One day the indexing performance of the logging index was suddenly dropped.

  • es 7.4.0 + docker environment
  • cpus was used about 10%
  • gc was less than 5ms
  • ssd disk io was about 20MB/s
  • hot threads didn't exists in most logging data nodes.
    -- https://www.elastic.co/guide/en/elasticsearch/reference/current/cluster-nodes-hot-threads.html
  • tasks manager show lot of actions 'indices:data/write/bulk[s]' or '[s][p]' in both coordinator and data nodes with high running_time_in_nanos higher than 5,000,000,000
    -- all coordinator nodes : lot of status were rerouted
    -- data nodes of logging index : log of status were waiting_on_primary, primary. shard numbers were different
    -- other data nodes : few indexing action with low running_time_in_nanos

After I restart containers, it back to normal.

  • cpus went high closed to 80%
  • gc was about 20ms
  • ssd disk io was abount 450MB/s
  • no task with long running_time_in_nanos

It looked like indexing was stuck somewhere between requests of indexing accepted and writing it into shard.

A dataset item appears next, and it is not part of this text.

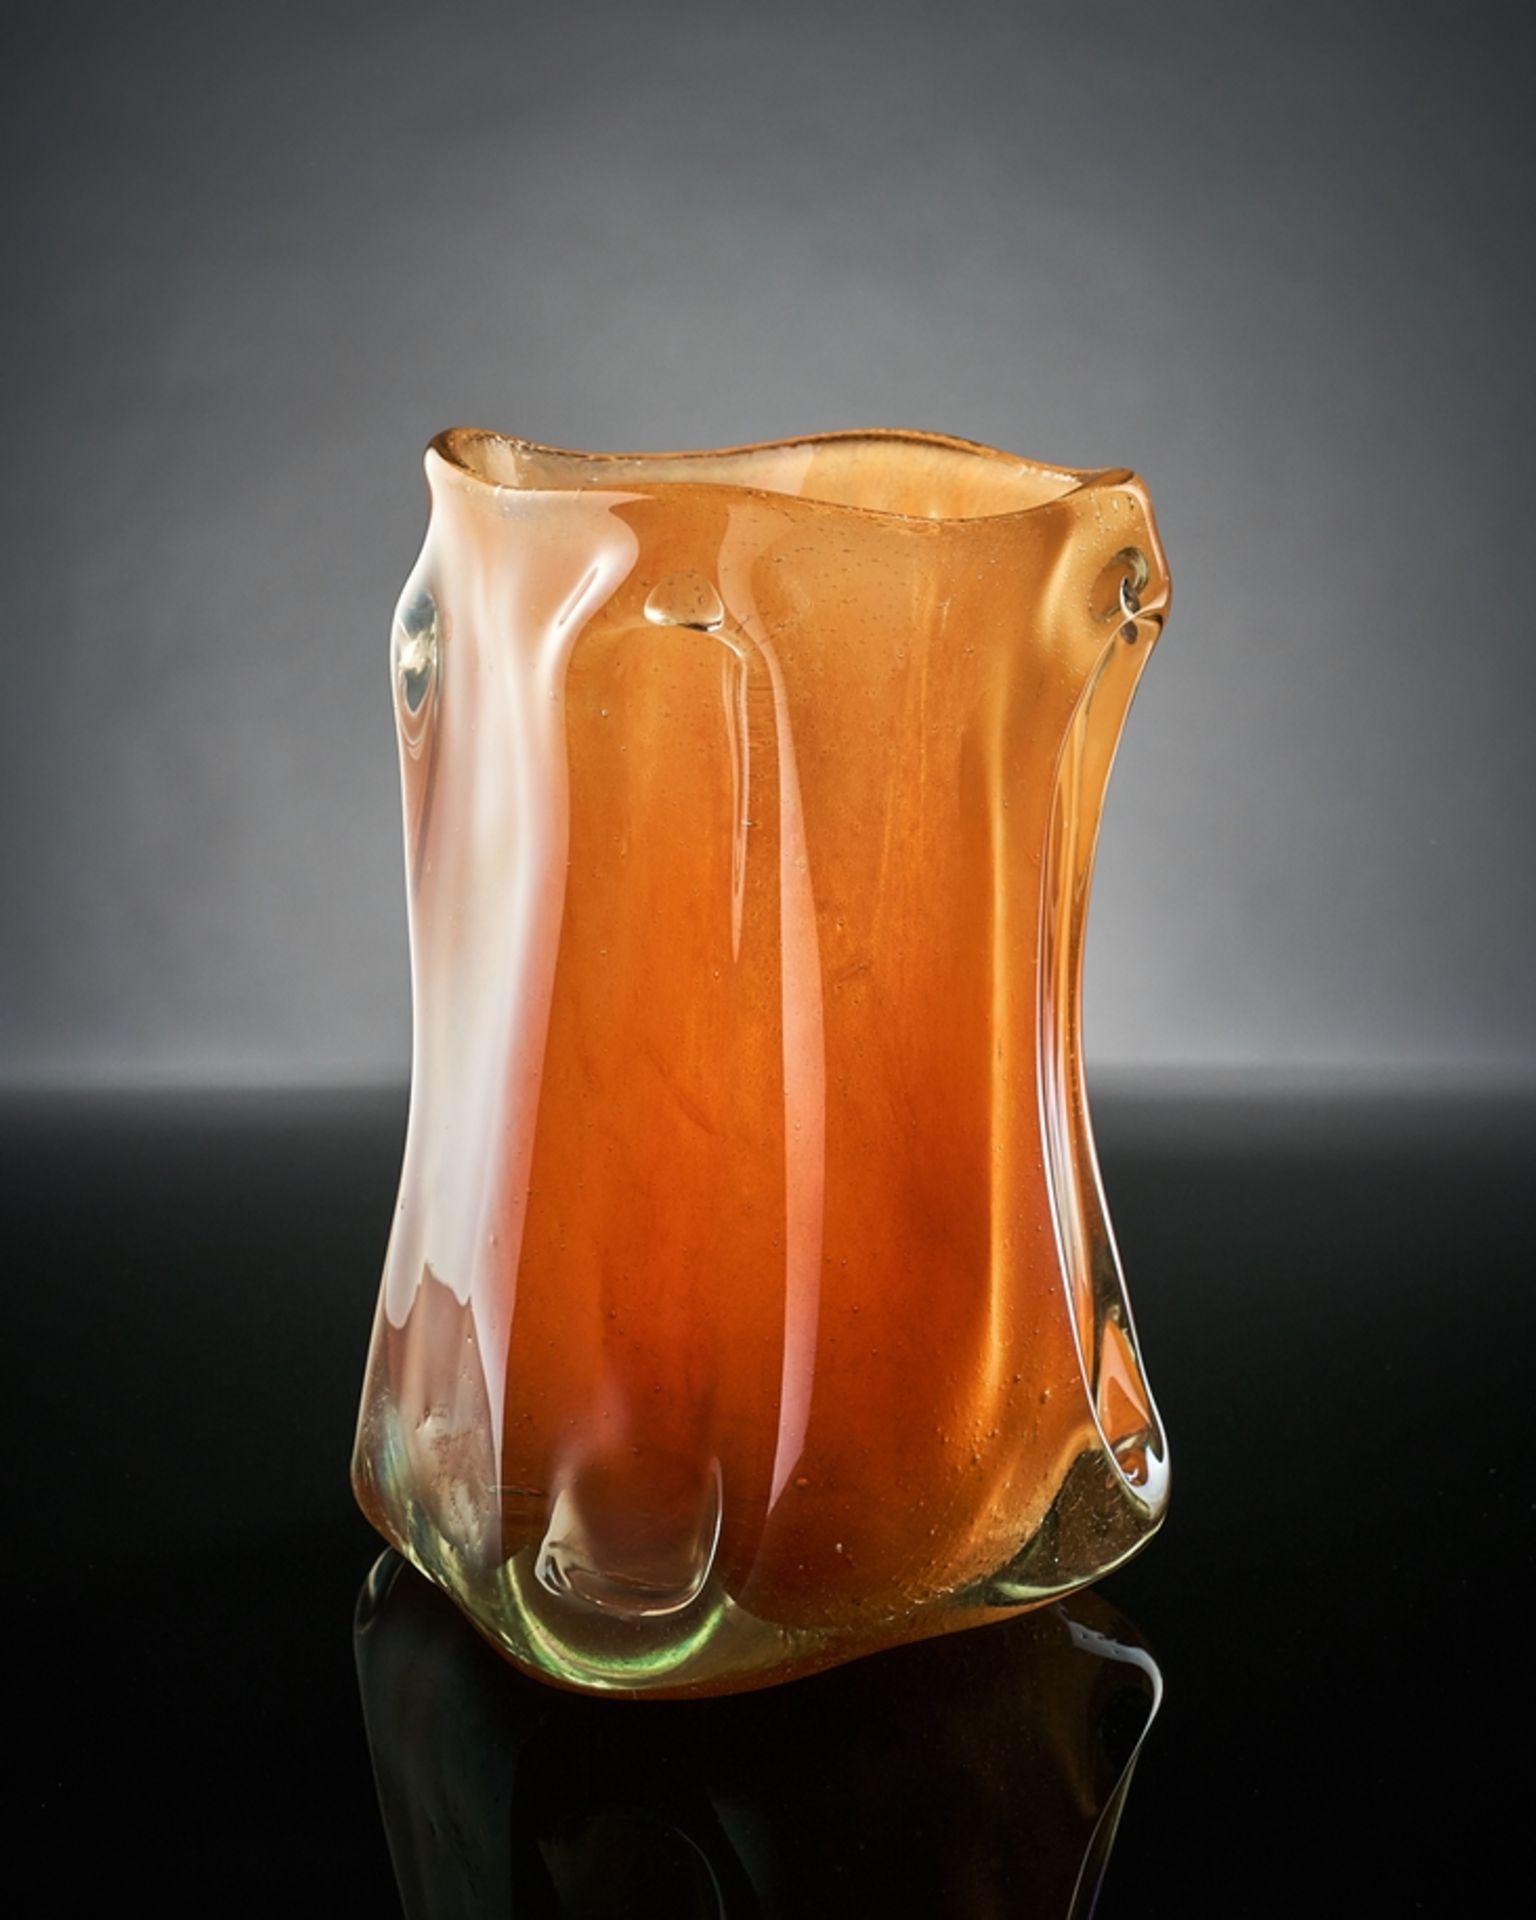 Quadratische Vase. Gekehlte Ecken, pulverisierte Einschmelzungen in Orange. Irisierende Teilätzunge

I don't know how to figure it out. Is there any tool to use?

Welcome :slight_smile:

Ideally you should split those use cases out, so that they don't impact each other and then the users of each dataset.

Do you have Monitoring enabled?

Thank to reply.

While indexing of the logging data got slow, other indexing of indices hadn't any problem. It would be good to split cluster for each purpose, but allocating index sperately was enough.

All metric are collected using fluentd. I looked into machine cpu, memory, io of all es nodes. Since the task manager api said indexing was slow, I guess logstash was not a candidate causes of problems.

Thanks.

This topic was automatically closed 28 days after the last reply. New replies are no longer allowed.